Переход от морали к нравственности
§ 141

Для добра как субстанциального, но еще абстрактного всеобщего свободы, также требуются поэтому определения вообще и принцип [176]последних, но такие именно определения и такой именно принцип, ко­торые тожественны с добром, и точно так же для совести, для этого лишь абстрактного принципа определения поступков, требуются все­общность и объективность ее определений. Оба, возведенные каждое само по себе в целостность, превращаются в нечто, лишенное опре­делений, которое должно быть определено. Но соединение обеих отно­сительных целостностей в абсолютное тожество уже совершено в себе, так как как раз эта субъективность, чистая уверенность в своей соб­ственной самодостоверности, улетучивающаяся для себя в своей сует­ности, тожественна с абстрактной всеобщностью добра; конкретное, следовательно, тожество добра и субъективной воли, их истина, есть нравственность.

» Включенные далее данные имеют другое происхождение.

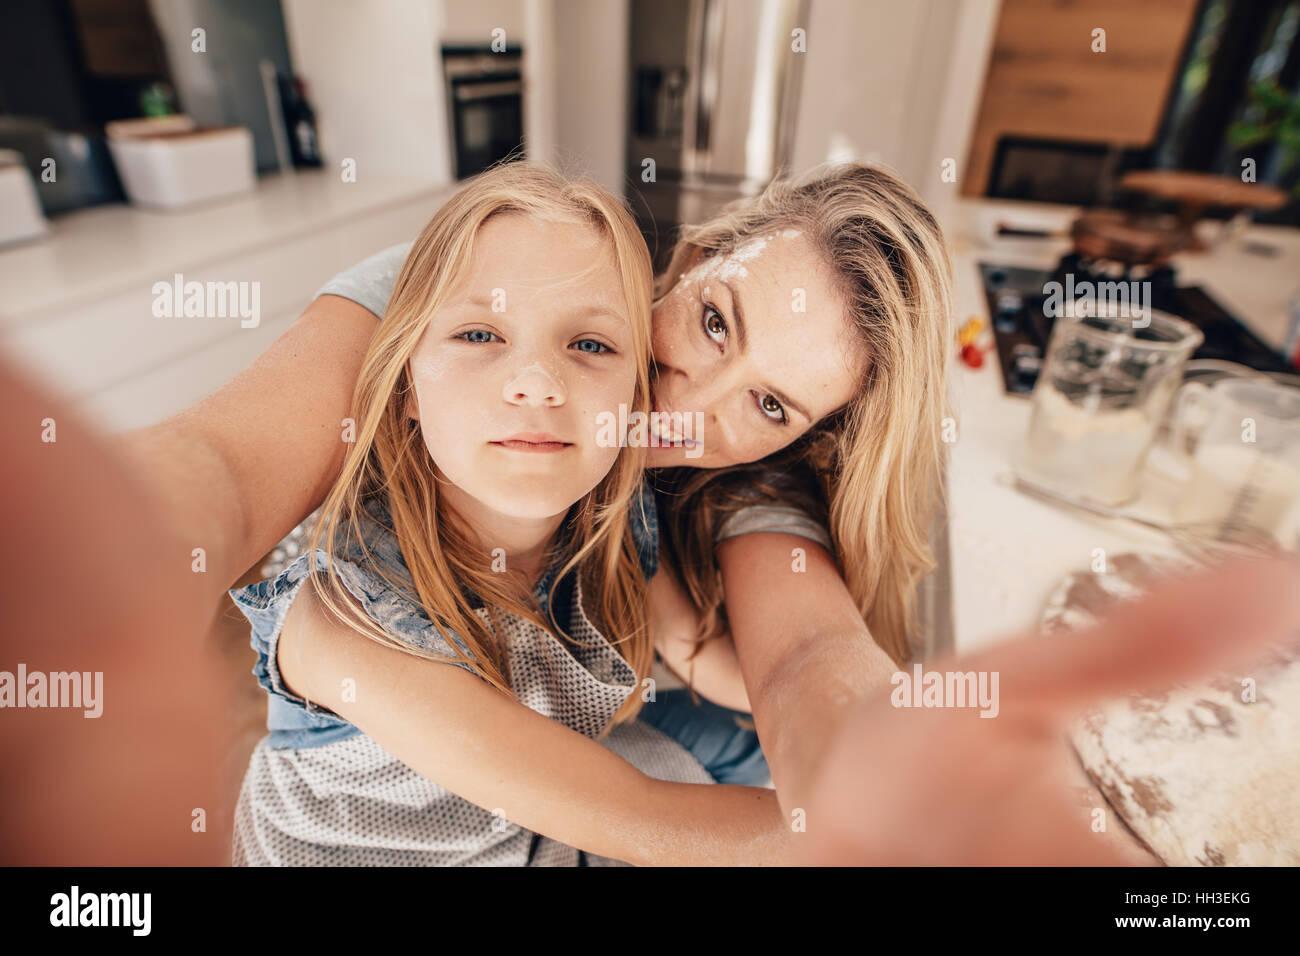 Happy woman and girl prenant un. selfies Les deux dans la cuisine avec la mère tenant un téléphone Photo Stock

Примечание. Более понятным такой переход понятия становится в логике. Здесь же укажем лишь на то, что природа ограниченного и абстрактного, — а таковыми являются здесь абстрактное, лишь долженствующее быть добро, и столь же абстрактная, лишь долженствующая быть доброй субъективность, — имеет в самой себе свою противоположность; добро имеет в себе свою действитель­ность, а субъективность (момент действительности нравственно­сти) — добро, но они, как односторонние, еще не положены как то, чтó они суть в себе. Этой положенности они достигают в их отрицательности именно тем, что они, каковы они суть в их односто­ронности, т. е. как таковые, которые не должны иметь в них то, чтó в них есть в себе (добро должно быть без субъективности и определе­ния, а определяющее, субъективное, должно быть без в-себе-сущего), конституируются сами по себе как целостности, снимаются и благодаря этому низводятся на степень моментов понятия, которое раскрывается как их единство и именно посредством этой положенности своих мо­ментов получило реальность, есть теперь как идея; это — понятие, развившее свои определения в реальность и наличное вместе с тем в их тожестве, как их в себе сущая сущность. — Наличное бытие сво­боды, которое было непосредственно как право, определилось в ре­флексии самосознания в добро; третье, которое здесь, в этом переходе, представляет собою истину добра и субъективности, есть поэтому то­чно так же истина последней и права. — Нравственное есть субъек­тивное умонастроение, но субъективное умонастроение в себе сущего права. Вывод, что эта идея есть истина понятия свободы, не может быть некоей предпосылкой, заимствованной из чувства или из какого-нибудь другого источника, а может быть — в философии — только доказанным положением. Его дедукция состоит лишь в том, что право и [177]моральное самосознание являют себя в самих себе возвращающимися в эту идею как в свой результат. Те, которые полагают, что они могут обойтись в философии без доказывания и дедуцирования, обнаружи­вают этим, как они еще далеки даже от догадки о том, что такое фило­софия, и эти люди имеют право говорить, где угодно, но не в философии; в последней нечего делать тем, которые желают говорить без понятия.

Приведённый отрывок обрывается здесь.